Composition with other Octopus rebuild moves¶
AQE's value compounds with the other levers in the Octopus pipeline:
- Lineage simplification + early column/row pruning make the per-stage byte volumes that AQE sees smaller — which means more joins flip into broadcast strategy, and more partition coalescing is helpful.

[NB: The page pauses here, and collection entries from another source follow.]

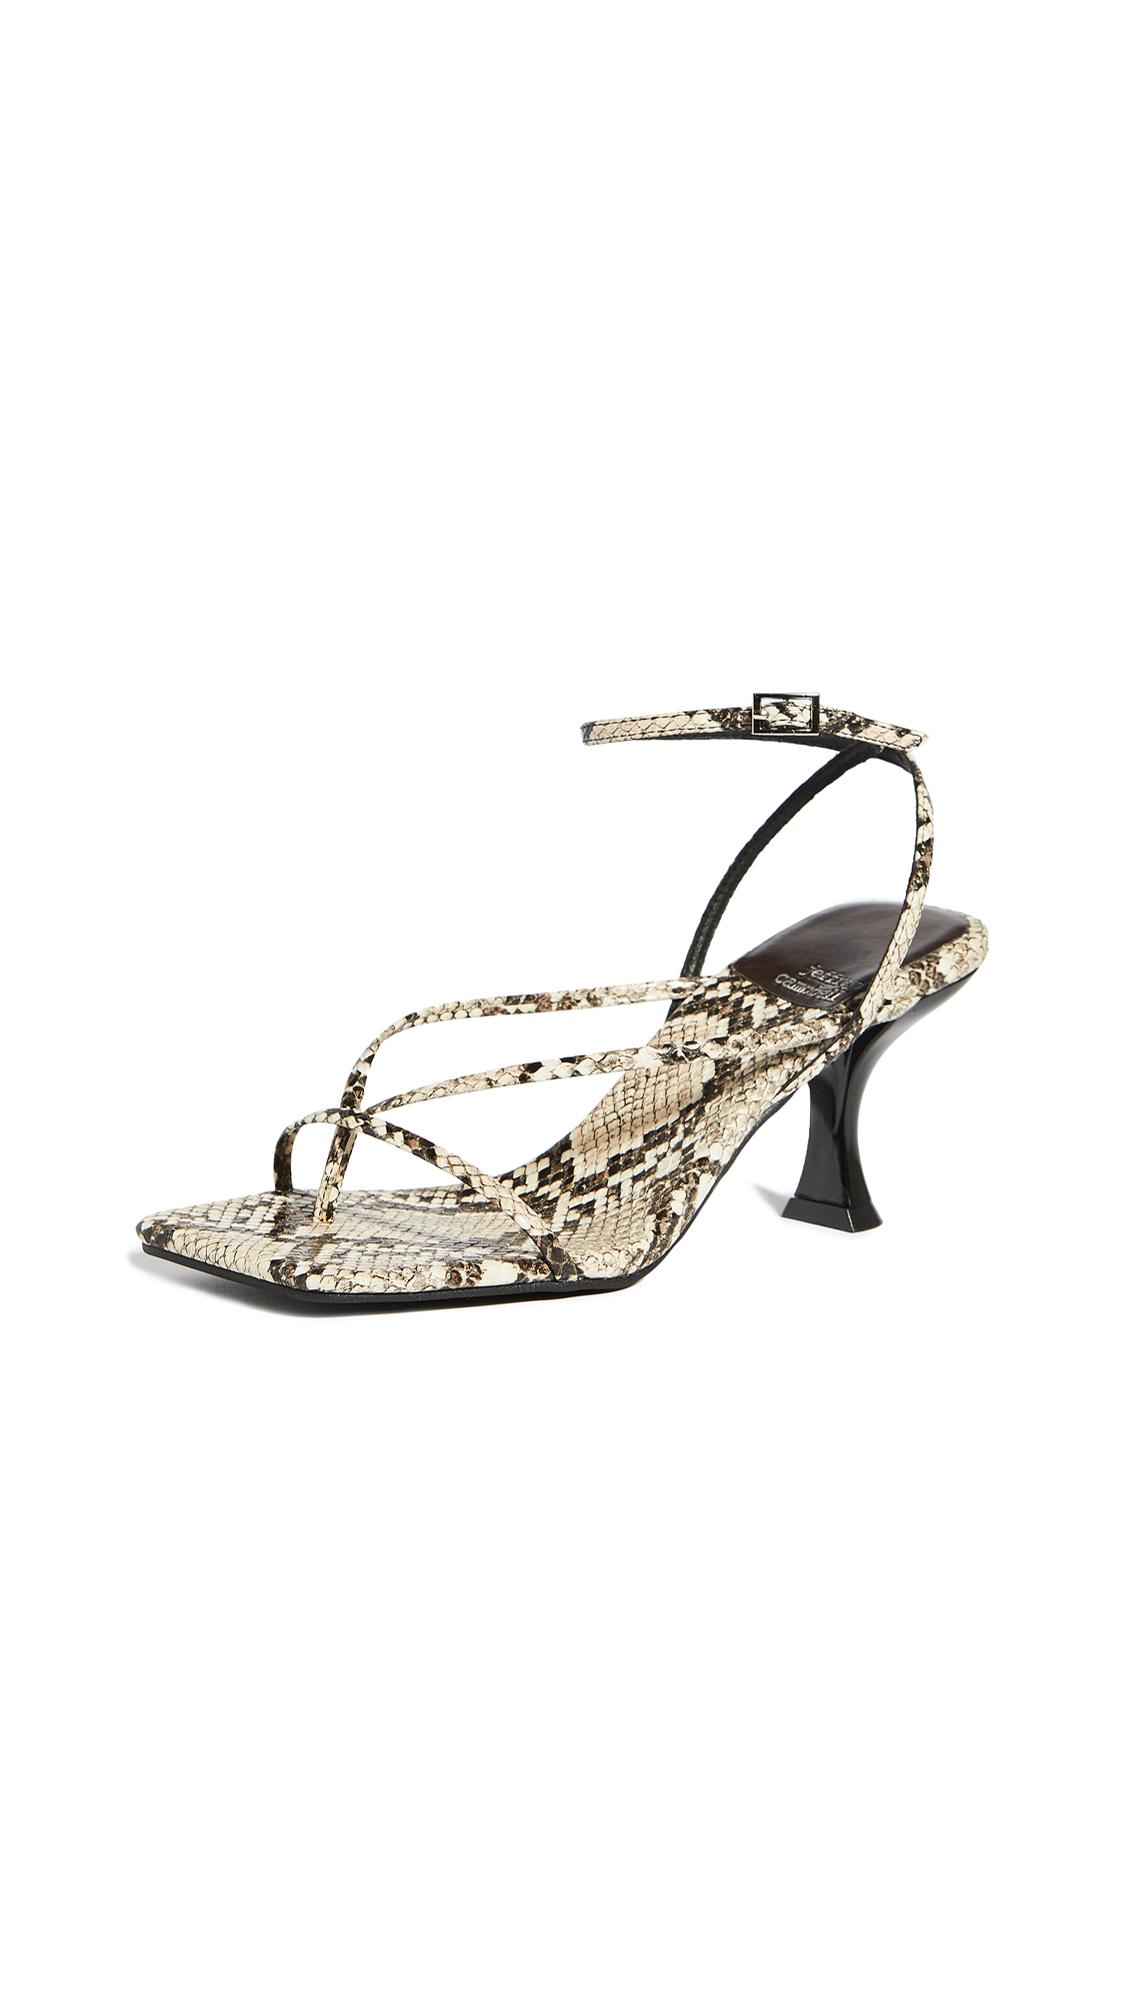 Jeffrey Campbell Fluxx Strappy Sandals
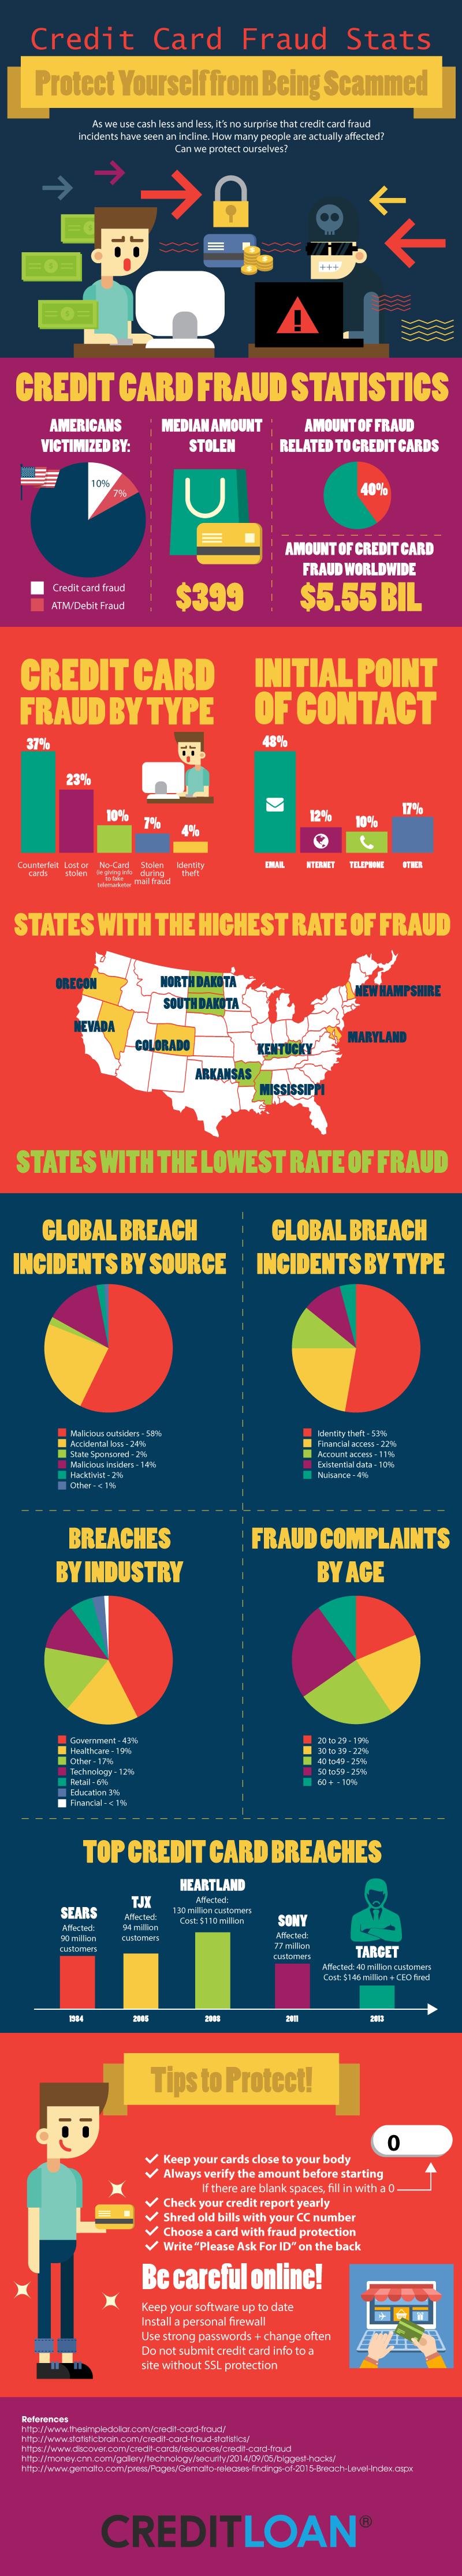 credit card fraud stats
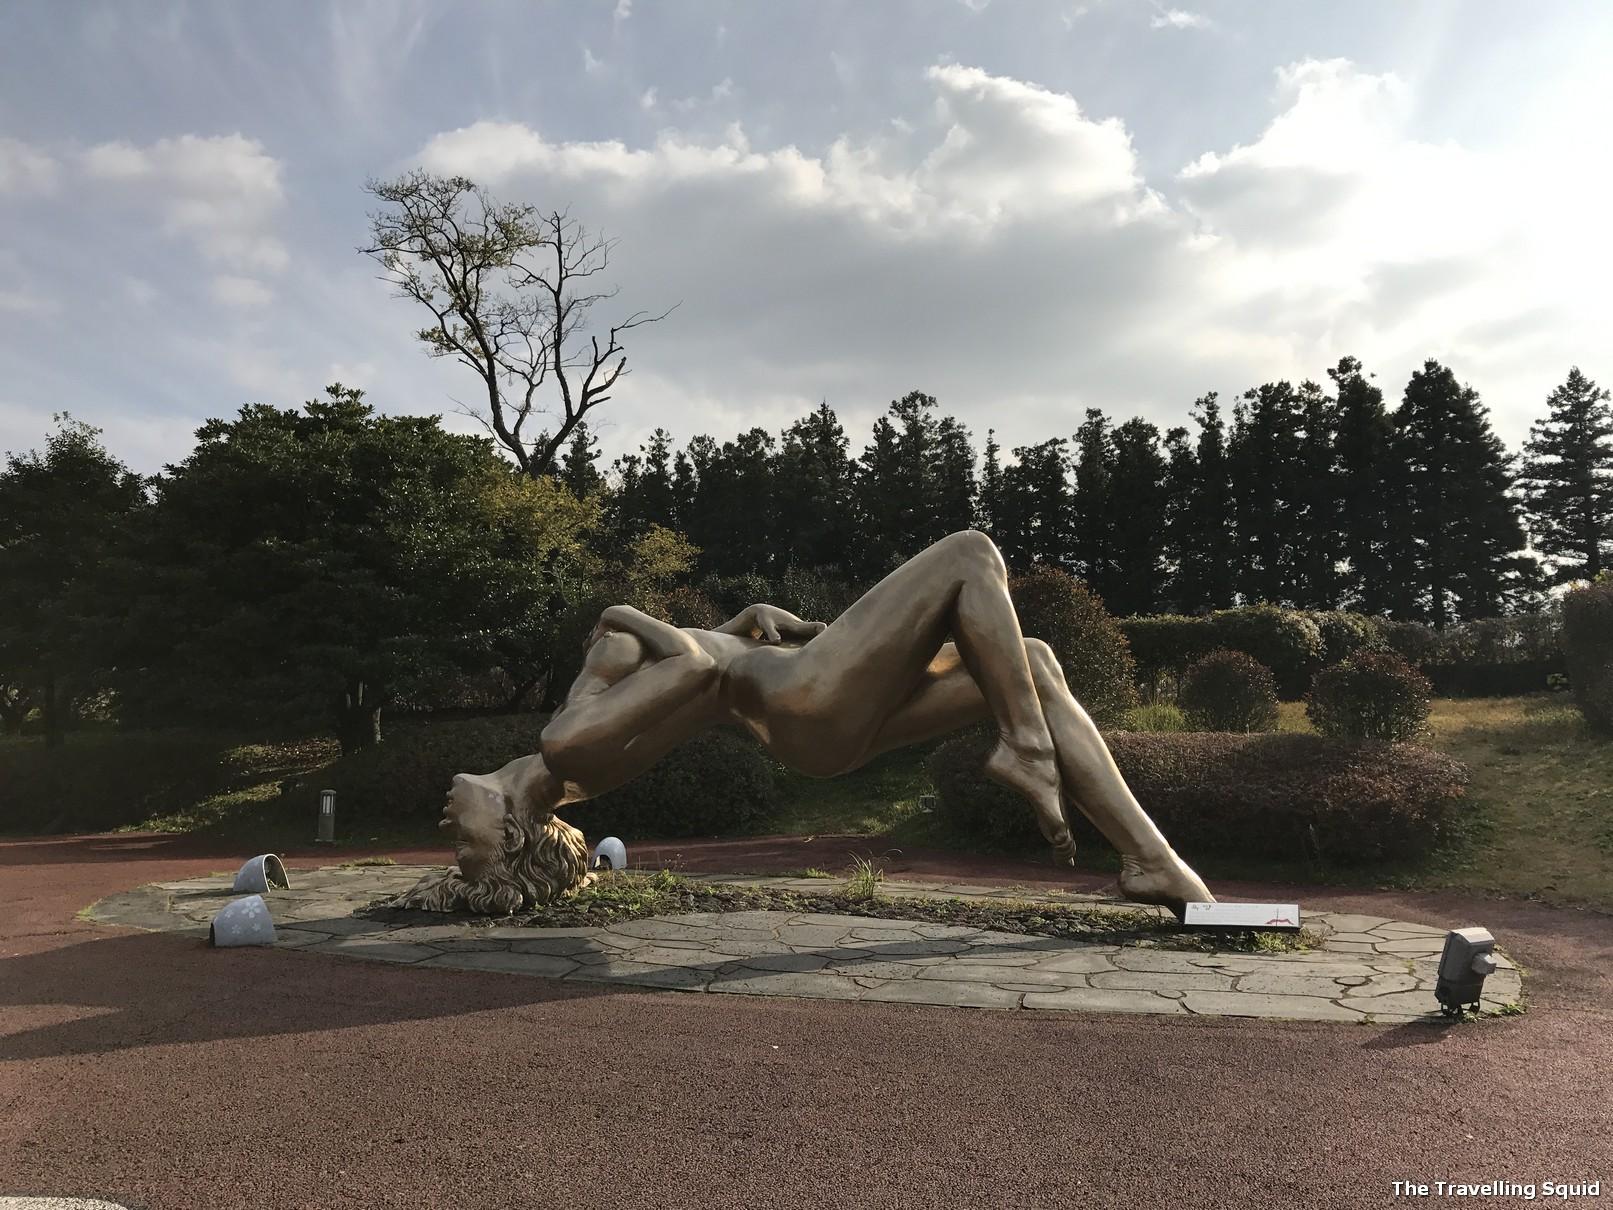 jeju loveland sculpture review
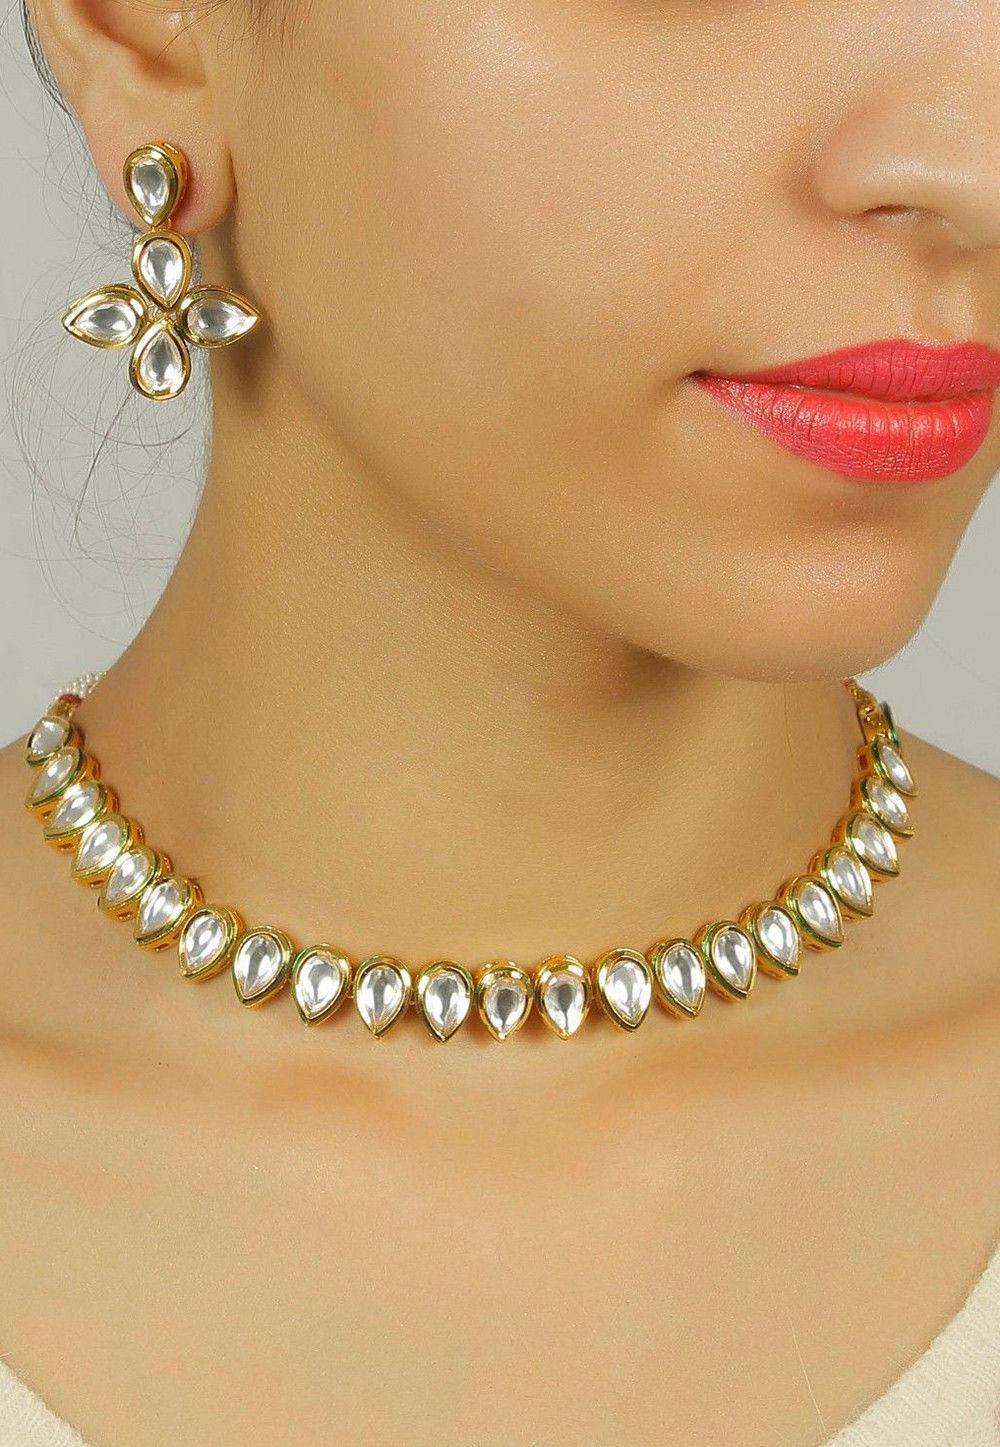 ae336d70255 ... Jewelry; Kundan Necklace Set. Zoom
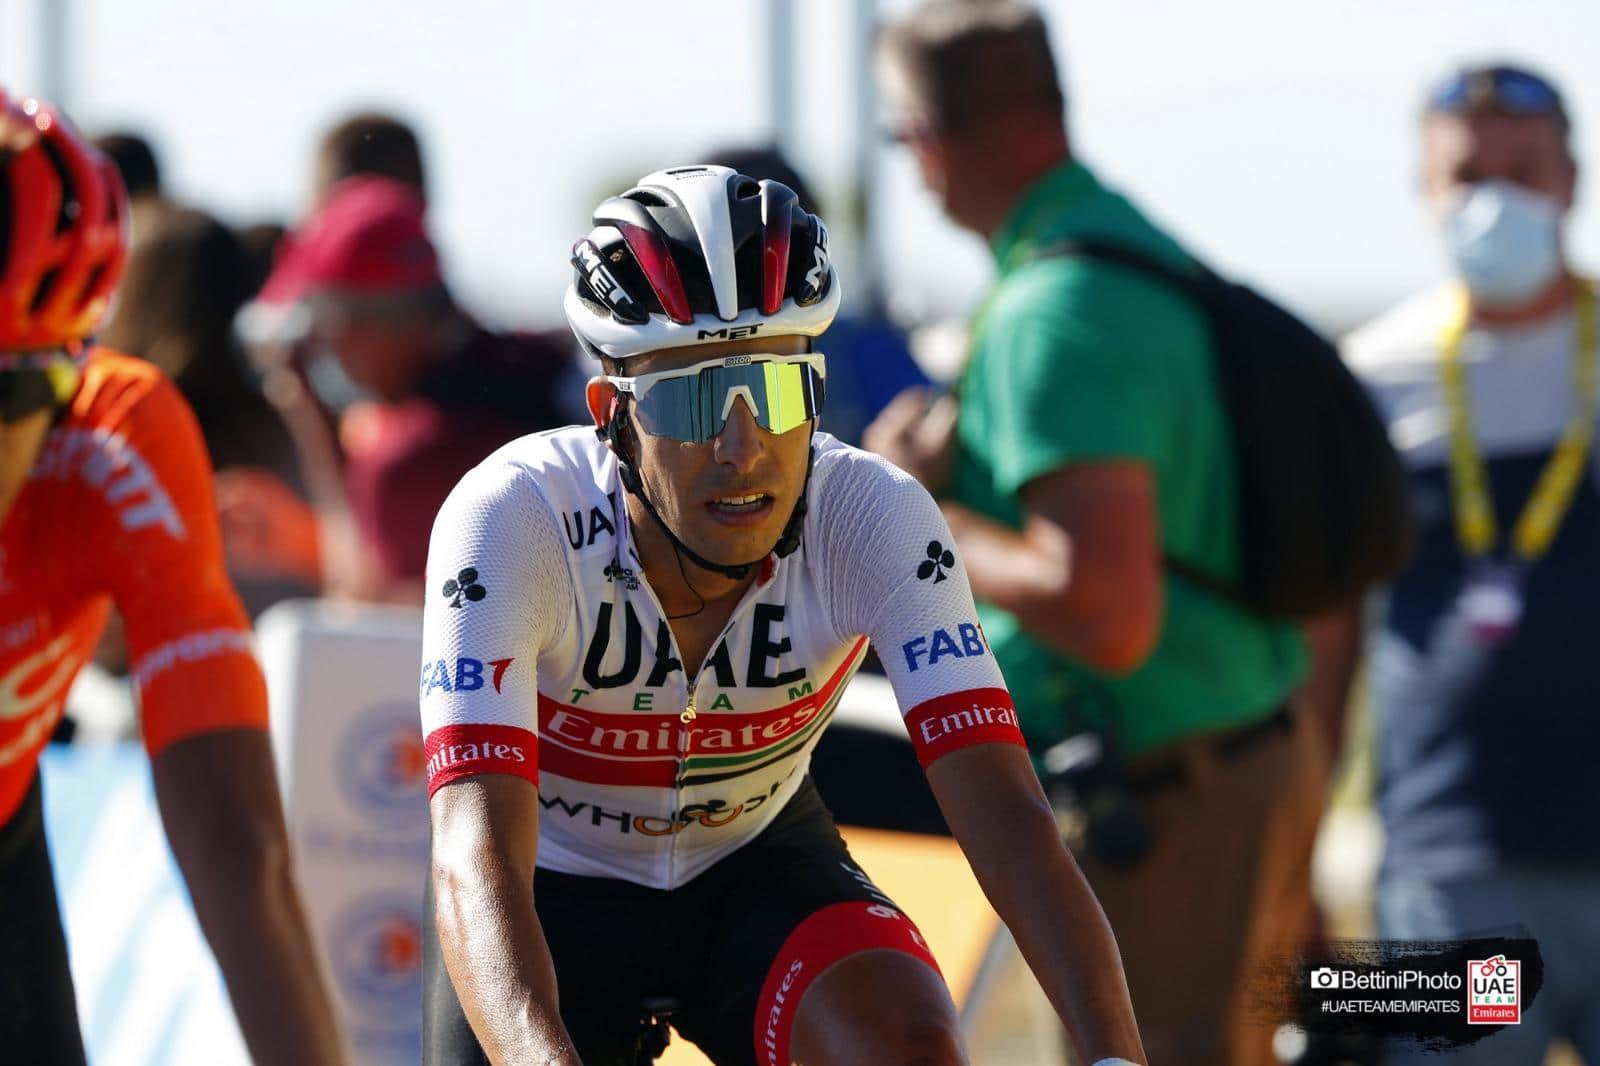 L'Italien Fabio Aru signe avec une équipe sud-africaine — Cyclisme

- Liquid clustering (systems/liquid-clustering) cuts the pre-shuffle skew that AQE has to handle in the first place — fewer skew-split events at runtime.
- CDF-based incremental processing (patterns/cdf-incremental-replacing-full-rescan) further shrinks per-run byte volume — the same downstream join may now be small enough to broadcast every run.
The "trust AQE" move is multiplicative with each of these, not additive — every byte the upstream stages don't produce is a byte AQE doesn't have to optimise around.
Seen in¶
- sources/2026-05-23-databricks-scaling-for-mhhs-octopus-energy-50x-cost-reduction — canonical disclosure of trust-the-optimiser as an architectural move: the Octopus margin pipeline rebuild explicitly removed custom optimisation code because "in several cases, Spark's Adaptive Query Execution (AQE) outperformed hand-tuned logic". Paired with concepts/remove-before-add-optimization as the generalised principle.